— To do —
Please keep the images out and set down the data exactly as given.

— Supplied material —
##############################
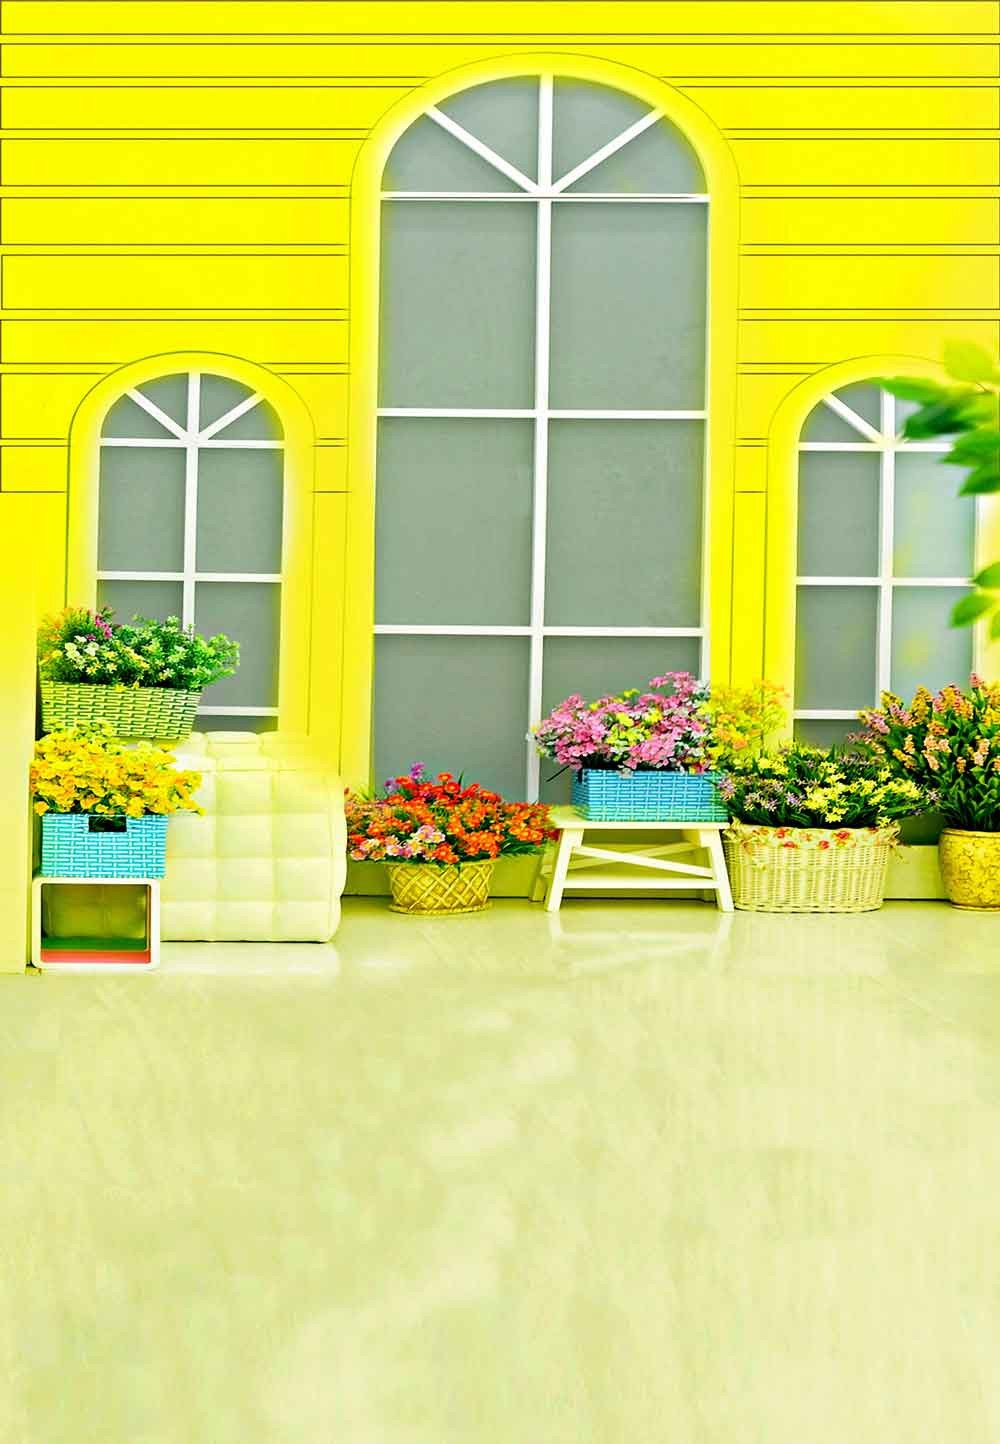 Baby Backdrops Door & Window Backdrops Flower Background N10204-E - iBACKDROP-Baby Kid Backdrops, Cartoon Fairytale Backdrops, Floral Backdrop, Flower Backdrop, Flower Wall Backdrop, win, wind, windo, Yellow Backdrop
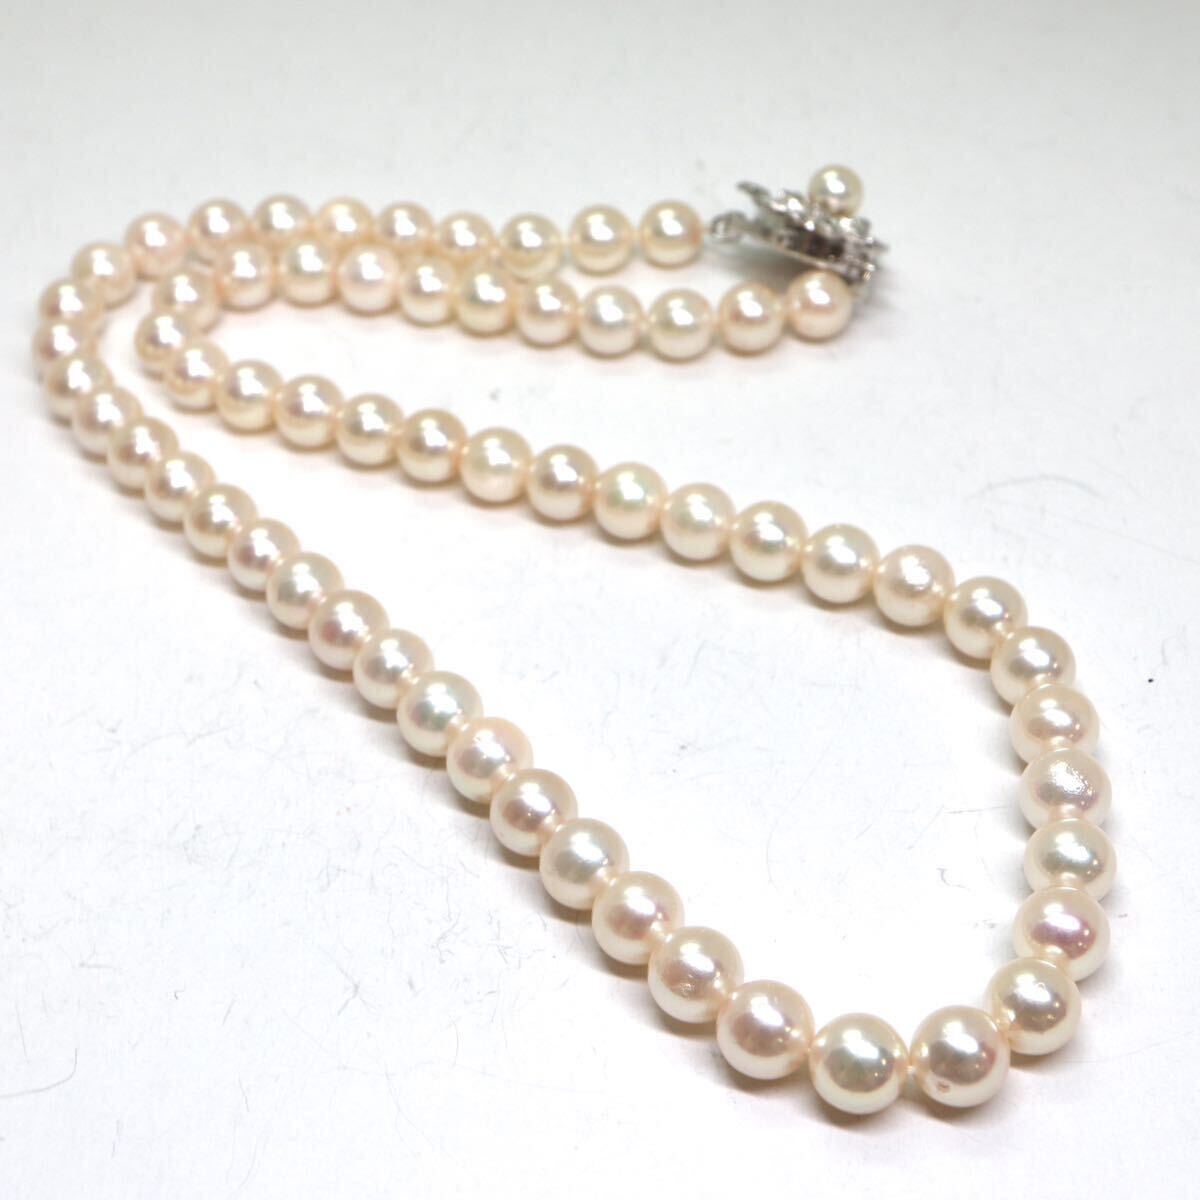 テリ良し!!《アコヤ本真珠ネックレス》A 約6.5-7.0mm珠 29.9g 約42.5cm pearl necklace ジュエリー jewelry CA0/DC0の画像5
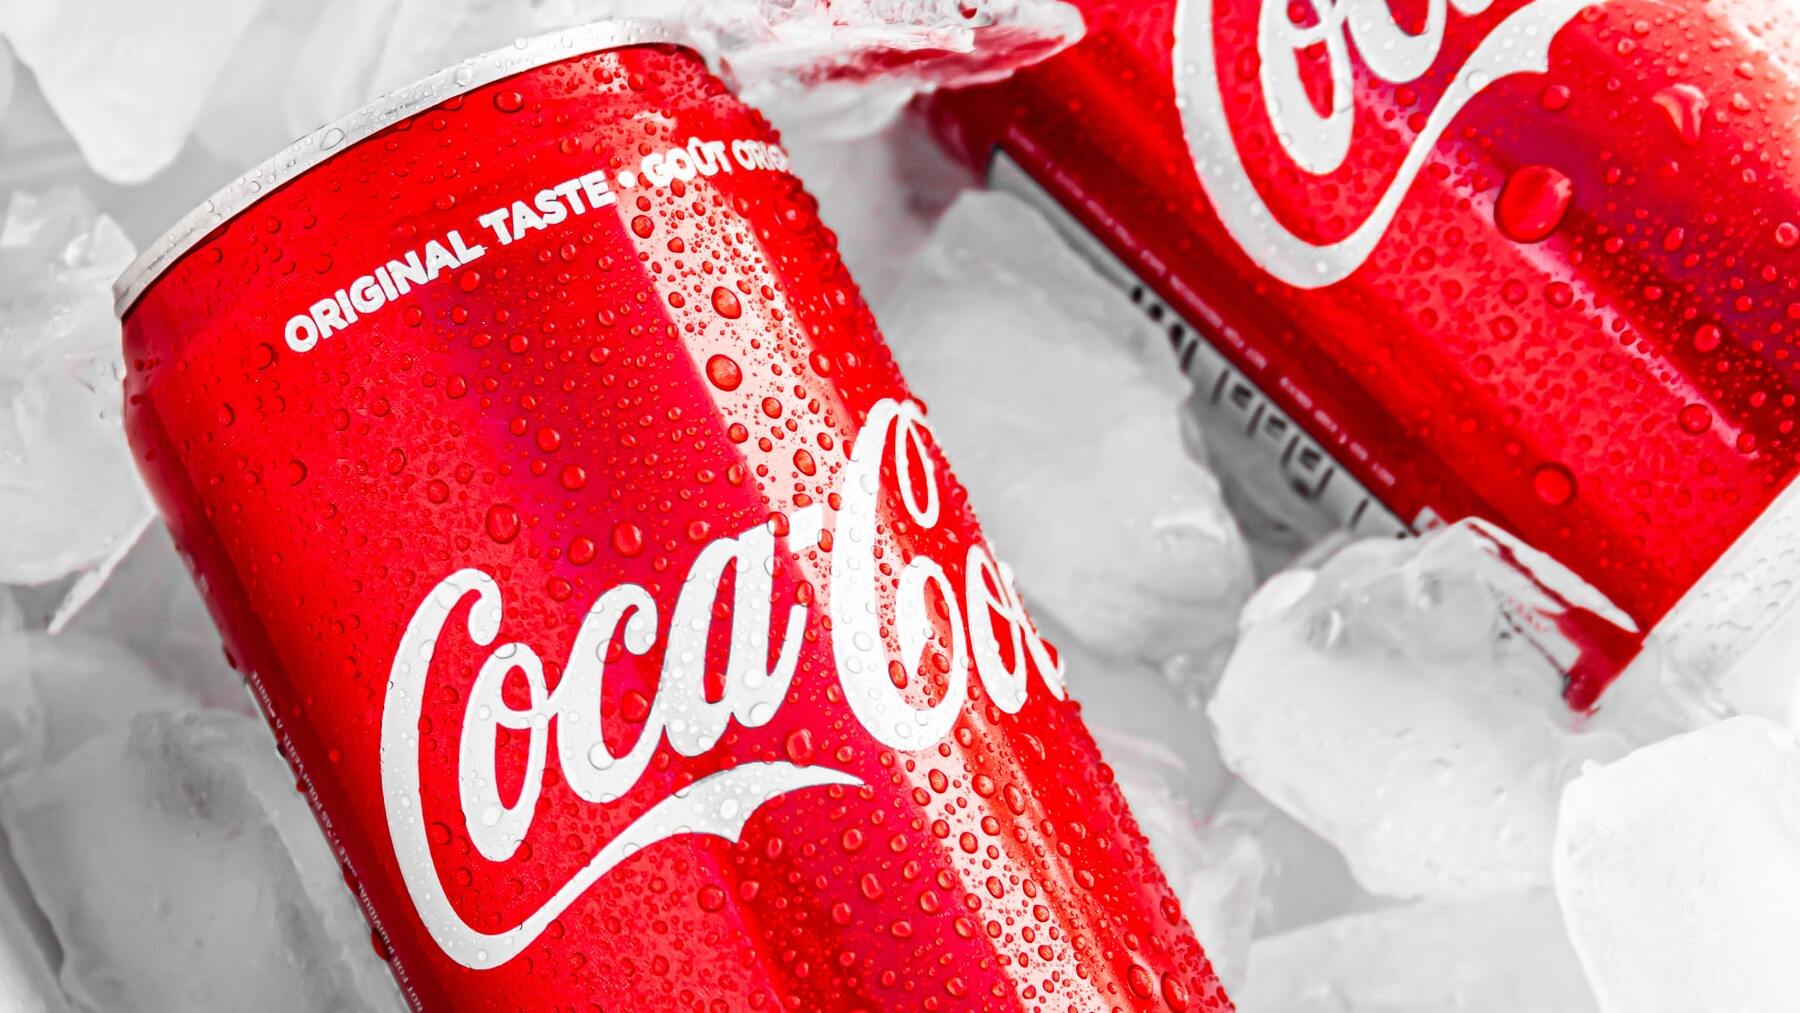 Coca Cola lata 33cl.
##############################
— Your response —
 Baby Backdrops Door & Window Backdrops Flower Background N10204-E - iBACKDROP-Baby Kid Backdrops, Cartoon Fairytale Backdrops, Floral Backdrop, Flower Backdrop, Flower Wall Backdrop, win, wind, windo, Yellow Backdrop
 テリ良し!!《アコヤ本真珠ネックレス》A 約6.5-7.0mm珠 29.9g 約42.5cm pearl necklace ジュエリー jewelry CA0/DC0の画像5
 Coca Cola lata 33cl.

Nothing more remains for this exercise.